You're right, sheep can die if left on its side for a period of time so you'll have to be vigilant. My one ewe that has this problem was always after it returned back to the corral in the afternoon when we were feeding a mixture of bean hay, barley, and alfalfa. As soon as she put her nose in the feed trough it was seconds later she would start doing this crazy behavior. We suspected it was something in the greenness of the Alfalfa. 

All we could do was watch her to make sure she didn't choke to death. In the beginning we even forced liquid medicine (for bloat) down her throat but we stopped doing that after 2 times as it was more of a reflux issue and not bloat and so we simply began just watching her. She would still have this reaction but we let her kind of deal with it herself and as I said she would be fine within 10 -15 minutes. 

[FONT=&quot]Again its strange for sure but at least you know you&#8217;re not the only one who has had this happen before nor the only one who has sheep that do this. Even after years of having sheep you&#8217;ll still learn new things every day. 

[/FONT]


----------



## Rectifier (Jun 12, 2011)

Not getting up until touched is odd, but I've also seen such a thing happen before to a "dead" sheep. I suspect they are probably capable of getting up but not highly motivated to do so until you spook them by touching them.

If you are feeding 95% hay and don't know the makeup of it, you should find out what you are feeding. Request test results from the seller or get it tested yourself and make sure it has adequate nutrition. Make sure it doesn't have mould in it! As you say it's a real mix, are you buying it from another farmer or from a feed supplier?

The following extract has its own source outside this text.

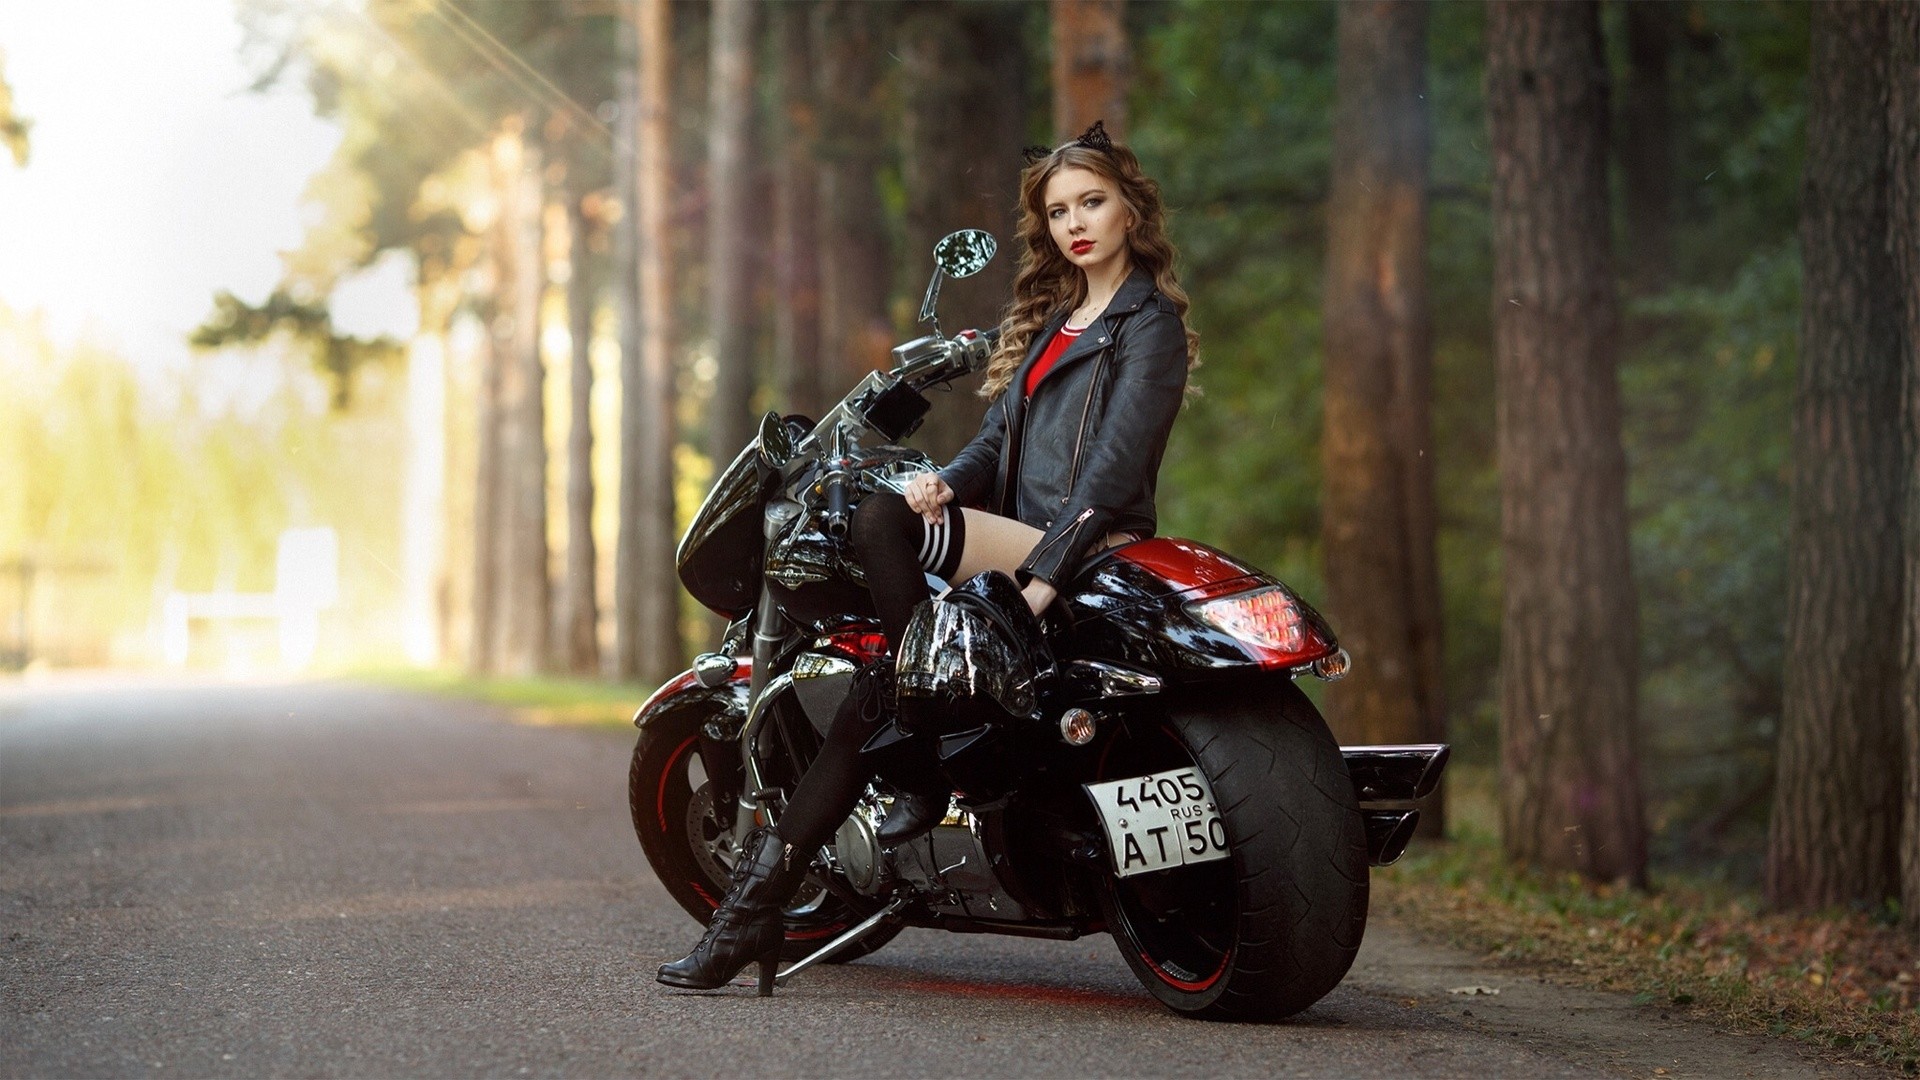 1920x1080 4K Girl On A Motorcycle Wallpaper HQ#1

Purchased hay should not really be all that much of a mix, it should be alfalfa/brome or some other respectable hay crop, plus perhaps some weeds like dandelion or thistle in small proportion. At the very least, the buyer should tell you what the hay is supposed to consist of. People do occasionally bale "weed hay" off summerfallow but it's not common to sell it. I would not buy weed hay no matter how cheap it is, as you will import a ton of weed seeds and may have toxicity problems with unknown weeds. Also weeds tend to dry down unevenly and can have issues with heating and mold if baled while heavy stems and thick leaves are still uncured.

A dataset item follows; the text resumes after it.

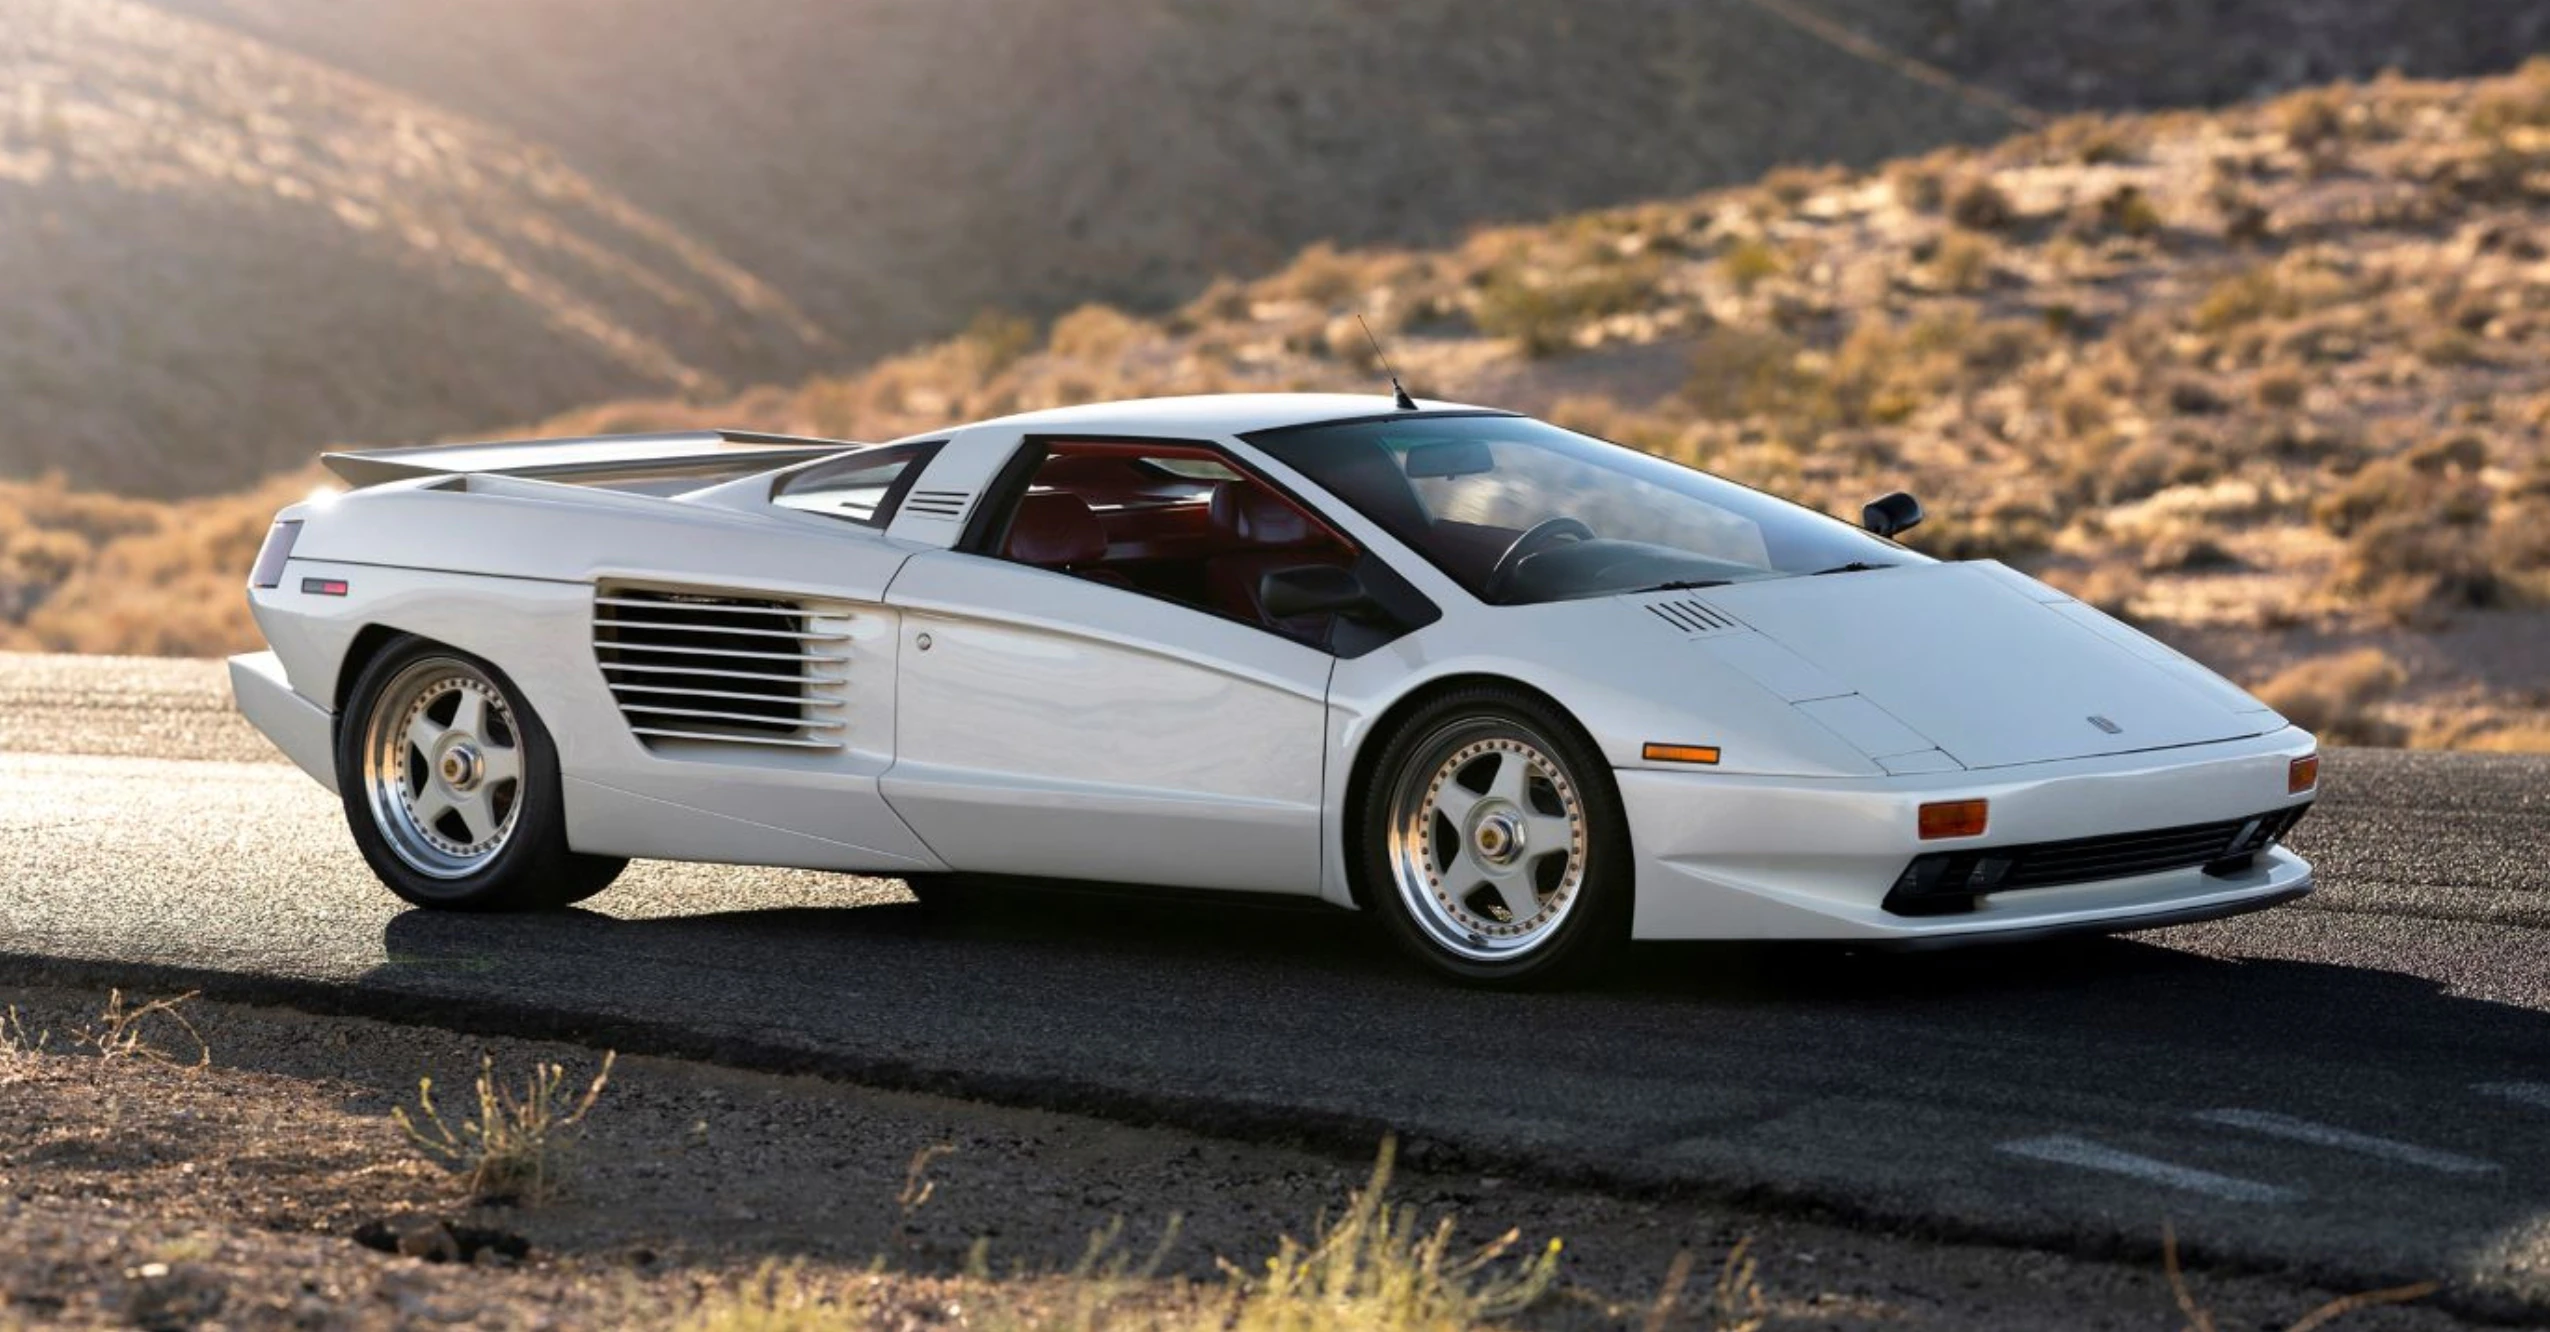 This Classic Supercar Named After EDM and Disco Pioneer Giorgio Moroder Is Headed to Auction

This may be a stupid question but as you mentioned grain: do you know your grain is clean? In our area, we had far too much rain 2 years ago. This caused a huge issue with fusarium in wheat and durum as well as ergot in rye. As I feed screenings I had to be very careful. Both of these can cause brain damage and seizures!


----------



## kmarcelliano (Aug 22, 2016)

Thank you so much! Honestly, I moved to this area 4 years ago and was recommended to buy hay from the supplier that he do. A local guy who works the fields in my general area. Perhaps it's not a big mix of things - to me, who has little knowledge, it looks like that. I know my guys are selenium deficient so I have to suppliment that, but its a common thing in this area (Northeast PA). I am going to be getting the hay tested for the bacteria that is possible. I am also going to get a nutrition test done to it as well.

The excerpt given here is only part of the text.